* _TASK REQUIREMENTS_
Give every line of the data again, unchanged, but with no pictures.

*** DATA PROVIDED ***

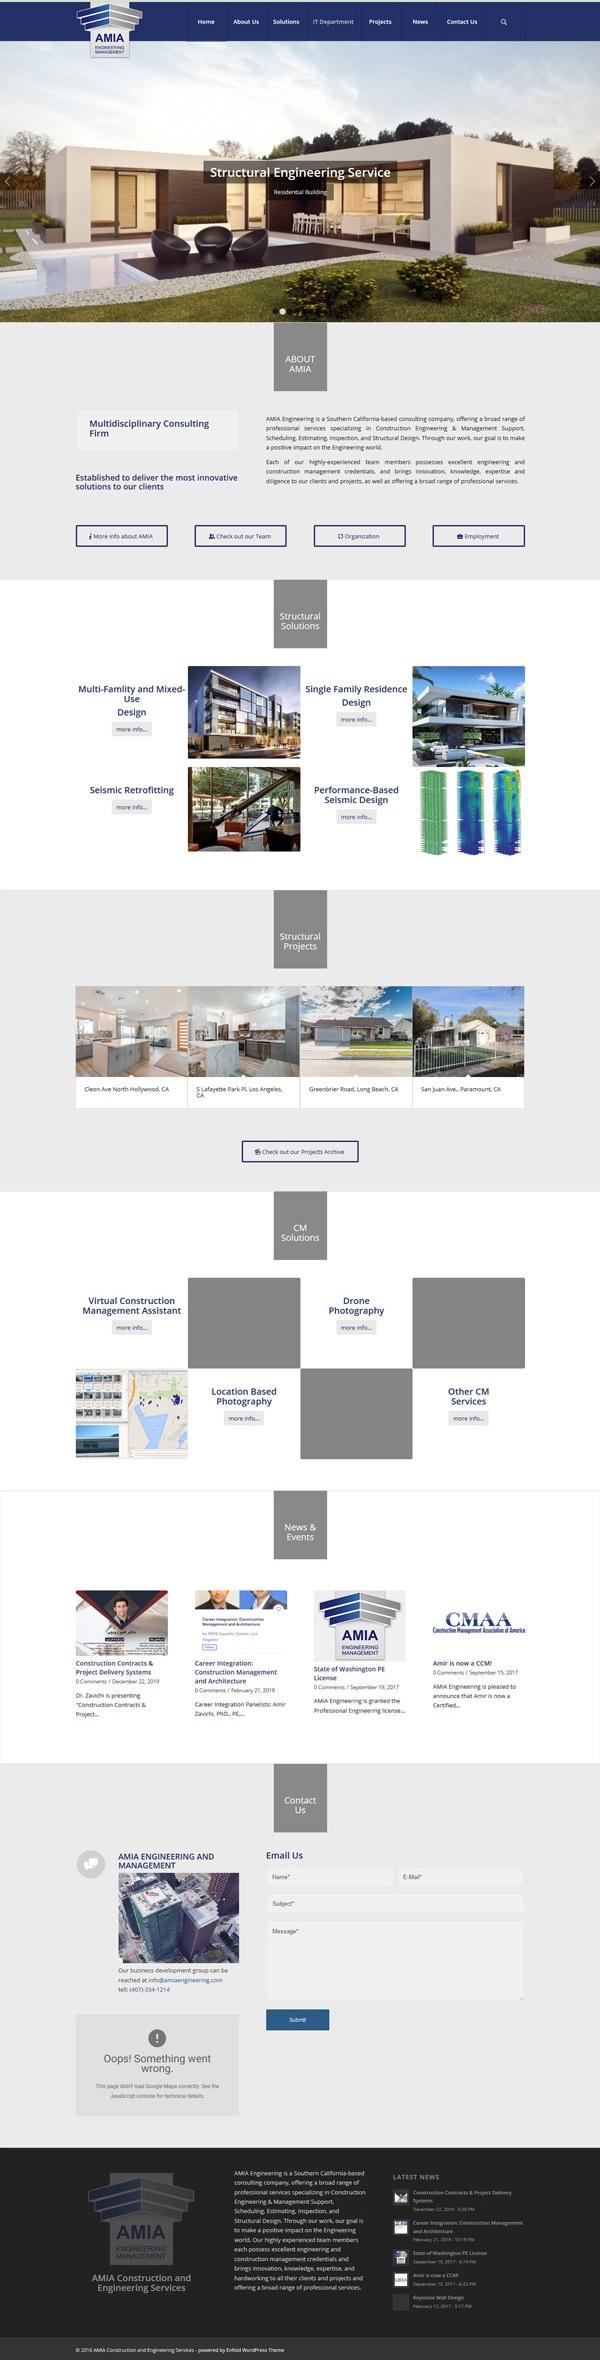 Amiaengineering webdesign of wp-cube
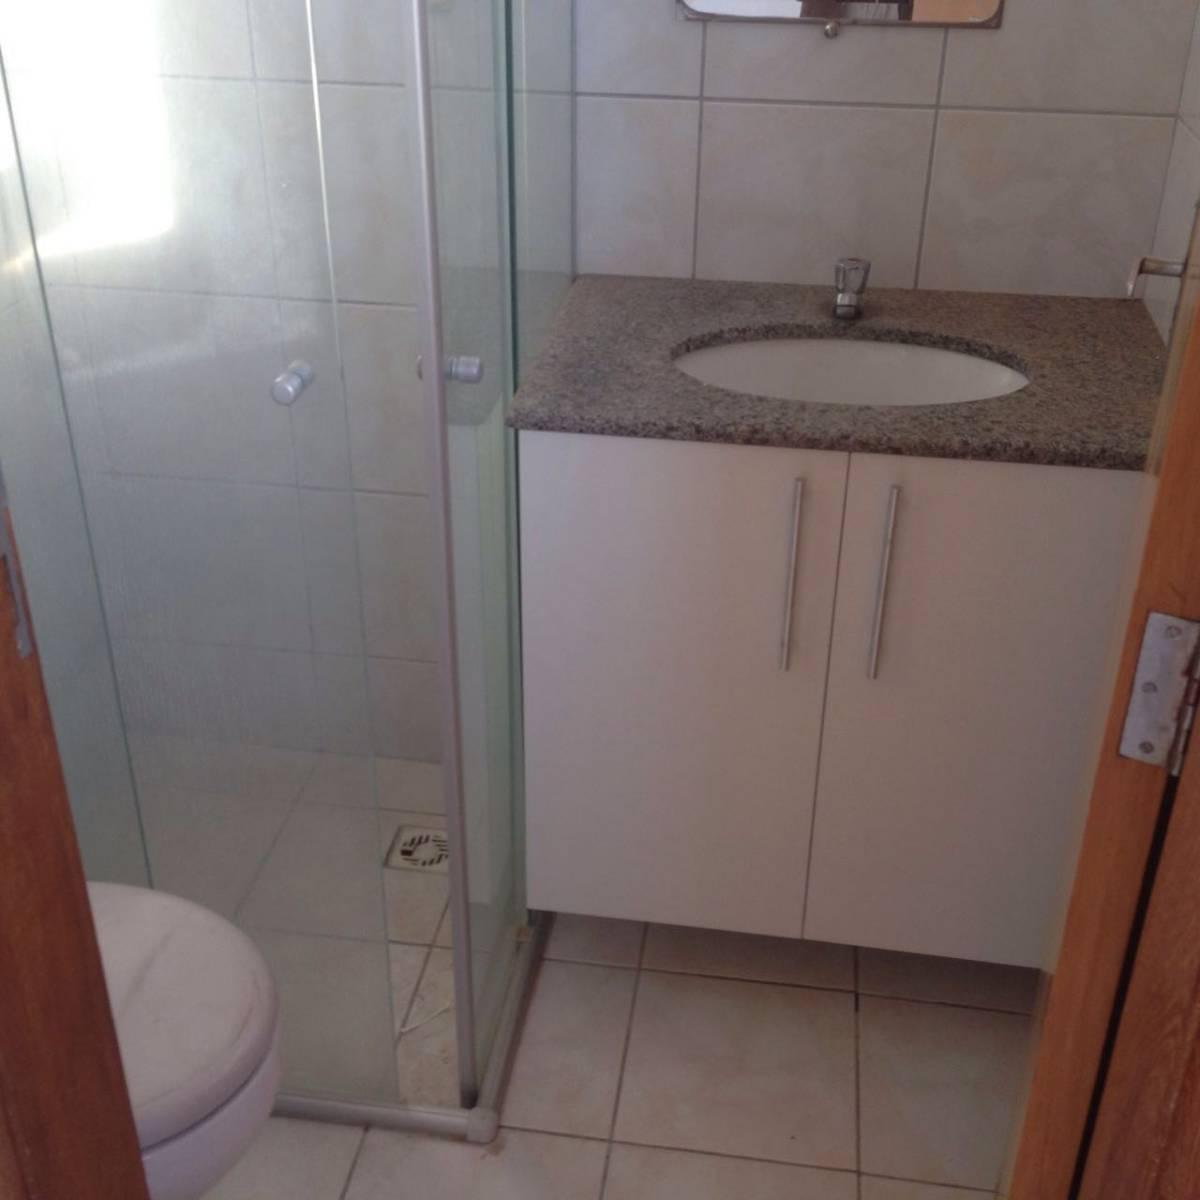 02 quartos sendo uma suíte piso de cerâmica sala para 2 ambientes #613F35 1200x1200 Balança De Banheiro Belo Horizonte
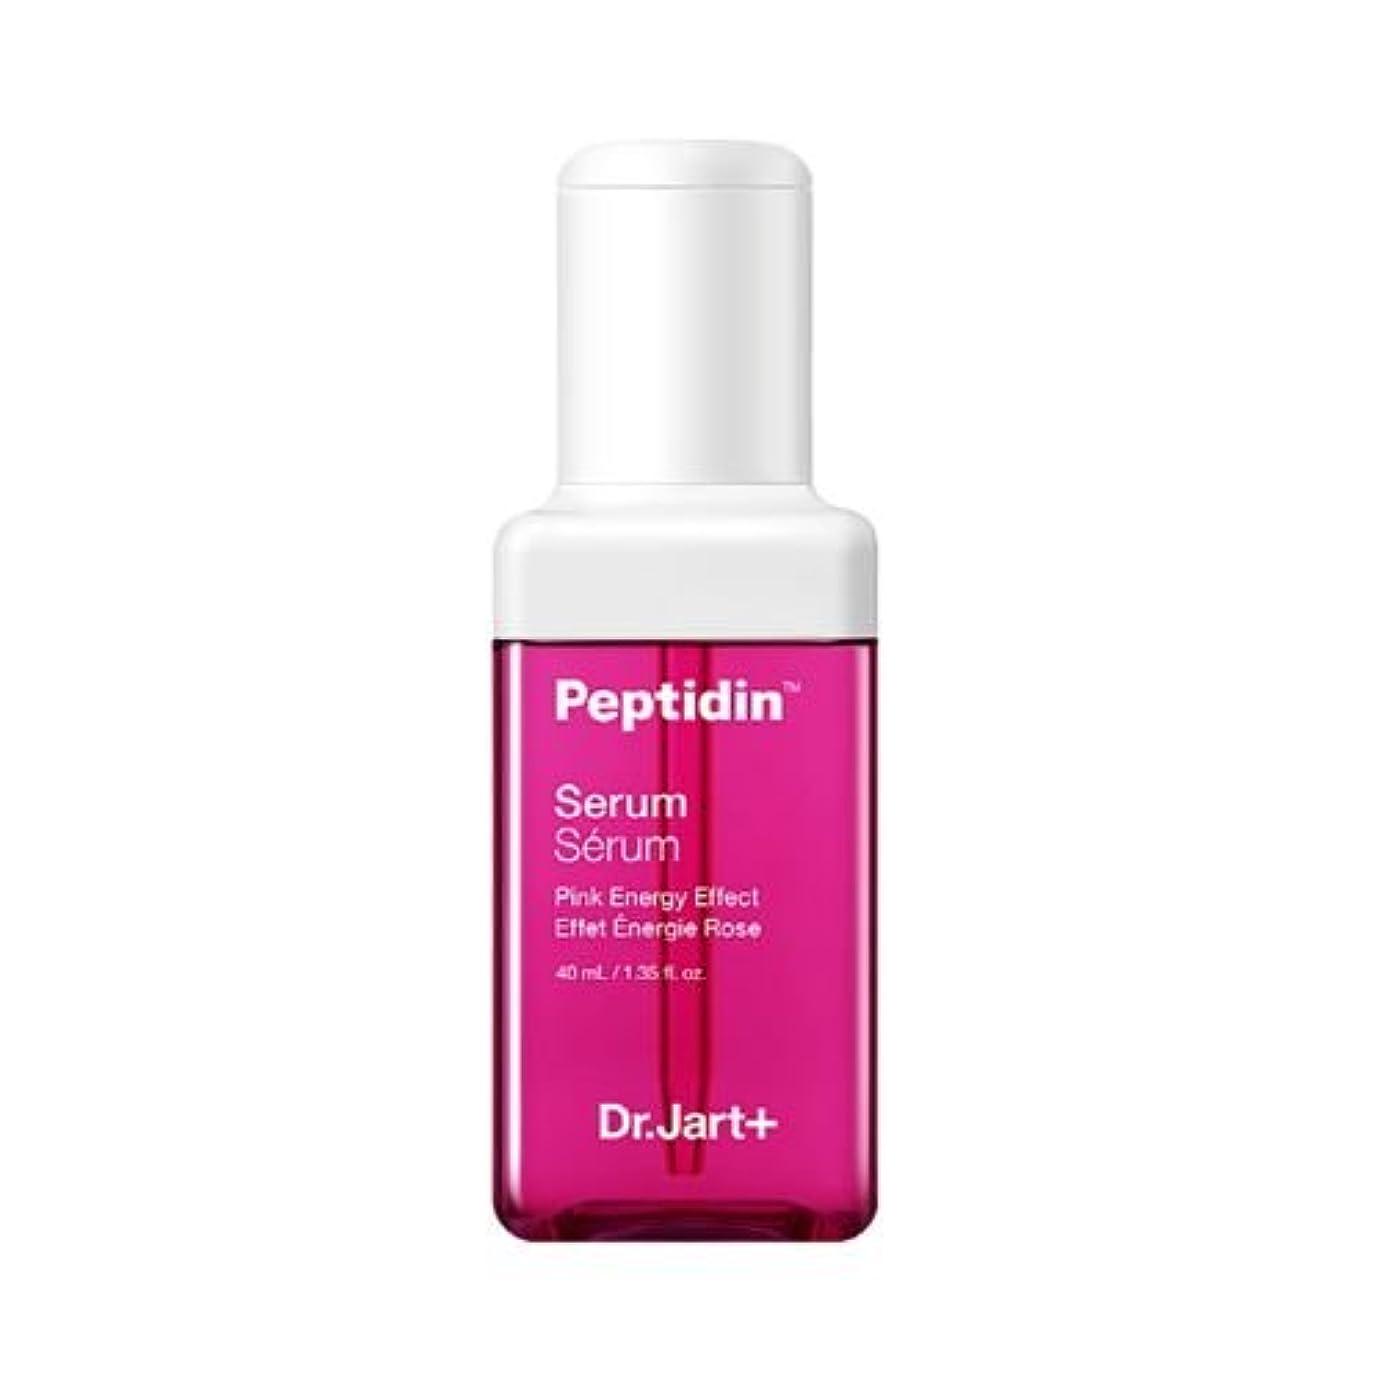 なので鈍いベルベット[DR Jart] Peptidin serum Pink Energy effect ドクタージャルトペプチドディーン セラムピンクエネルギー 40ml[海外直送品] [並行輸入品]

*** End of DATA PROVIDED ***

* _RESULT BELOW_
 Amiaengineering webdesign of wp-cube
 02 quartos sendo uma suíte piso de cerâmica sala para 2 ambientes #613F35 1200x1200 Balança De Banheiro Belo Horizonte
 なので鈍いベルベット[DR Jart] Peptidin serum Pink Energy effect ドクタージャルトペプチドディーン セラムピンクエネルギー 40ml[海外直送品] [並行輸入品]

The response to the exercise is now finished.